3.1. La gestion des données dans le cadre de la surveillance et de la lutte

Les prospecteurs acridiens accomplissent un difficile et rude travail de terrain, les conditions sont éprouvantes, parfois dangereuses. Les informations collectées sont transmises en temps réel aux centres d’analyse qui procèdent à des interprétations immédiates pour suivre l’évolution de la situation acridiennes (dynamique des populations acridienne et état de l’environnement). Il est ainsi possible de dégager jour après jour une stratégie d’intervention en fonction des moyens disponibles.

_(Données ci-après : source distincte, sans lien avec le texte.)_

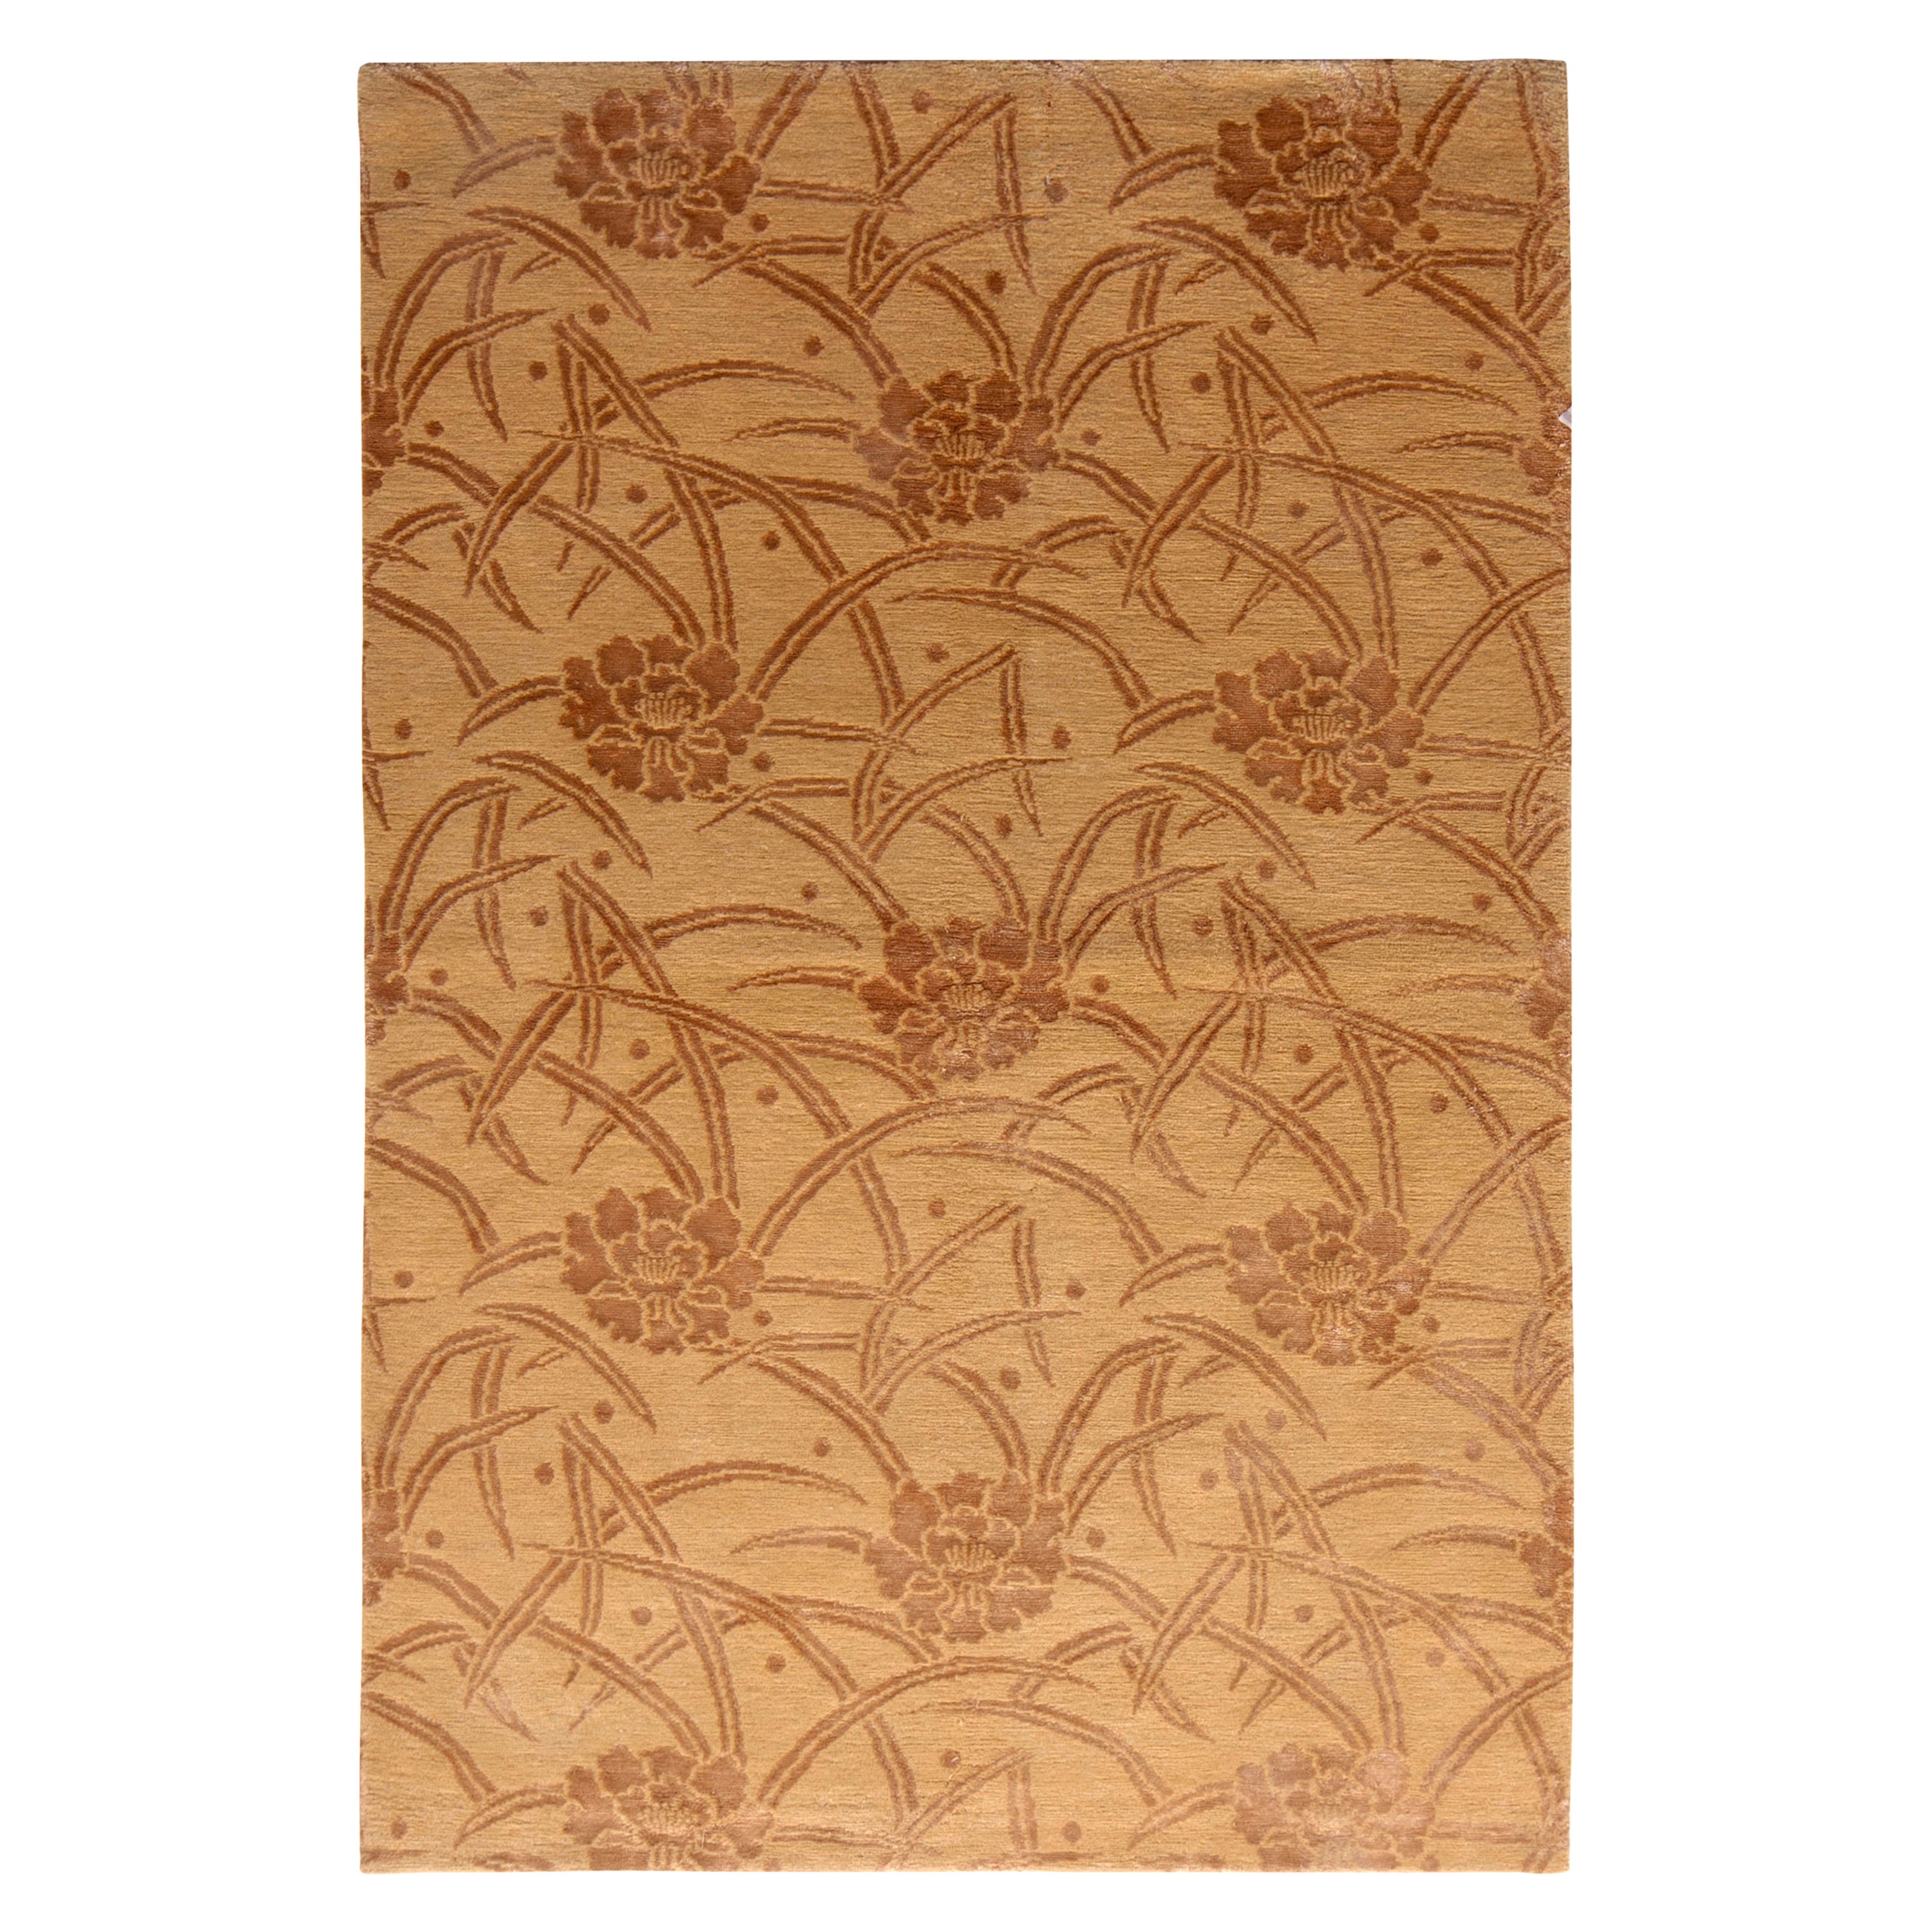 Rug & Kilim's Teppich im europäischen Stil Beige Braun Blumenmuster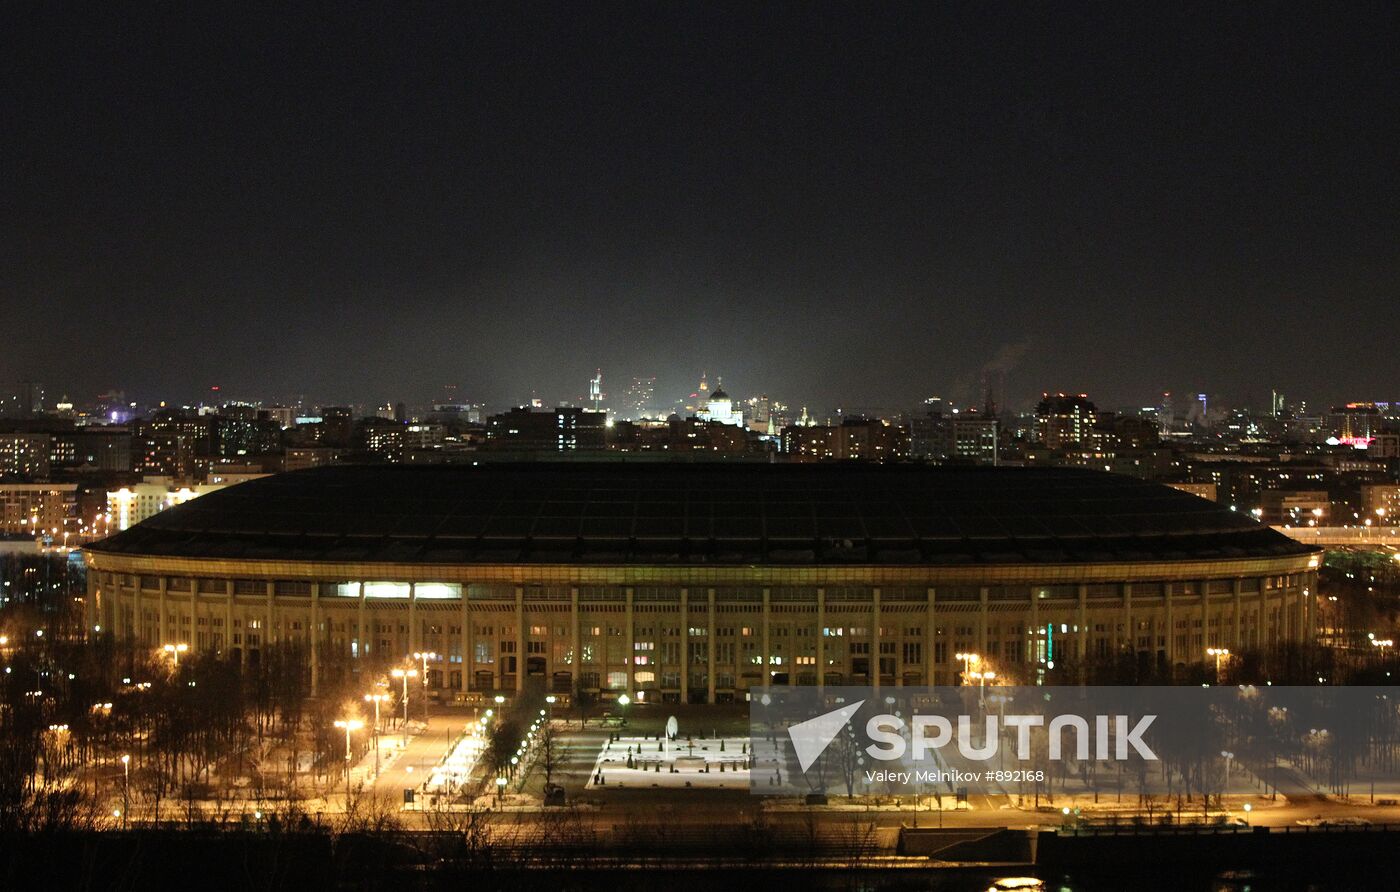 Grand Sports Arena "Luzhniki" without illumination

Si l’exploitation extemporanée des données collectées constitue l’objectif principal, on peut également envisager une exploitation différée ces archives qui se trouvent valorisée par une analyse diachronique à moyen et long termes. Les ressources récentes de l’informatiques et en particulier des bases de données relationnelle ouvrent des perspectives nouvelles. Des les années 1990, une première tentative d’informatisation des archives acridiennes de Mauritanie a été tentée sous la forme de la base LOCDAT (sous DBase IV) dont l’usage s’est révélé fort peu ergonomique en raison d’une structure beaucoup trop rustique et fort peu conviviale. Dès 1993, la FAO proposait une nouvelle structure en MS-ACESS : la base RAMSES (Cherlet 1993) qui fut ensuite couplée avec un SIG (ArcView) autorisant toute une gamme de sorties cartographiques pré-définies et standardisées. Plusieurs versions successives ont été mises à la disposition des pays et en particulier de la Mauritanie. Les 20 000 enregistrements déjà saisis sous LOCDAT ont été transcrits et transposés au format RAMSES. Si bien que plus de 50 000 enregistrements sont actuellement disponibles pour la Mauritanie, couvrant une période allant de (1968) 1988 à 2007. L’essentiel des résultats présentés dans le premier chapitre de ca travail ont été obtenus à partir de la base RAMSES de mauritanie mais l’exploitation des données suggère plusieurs remarques opérationnelles.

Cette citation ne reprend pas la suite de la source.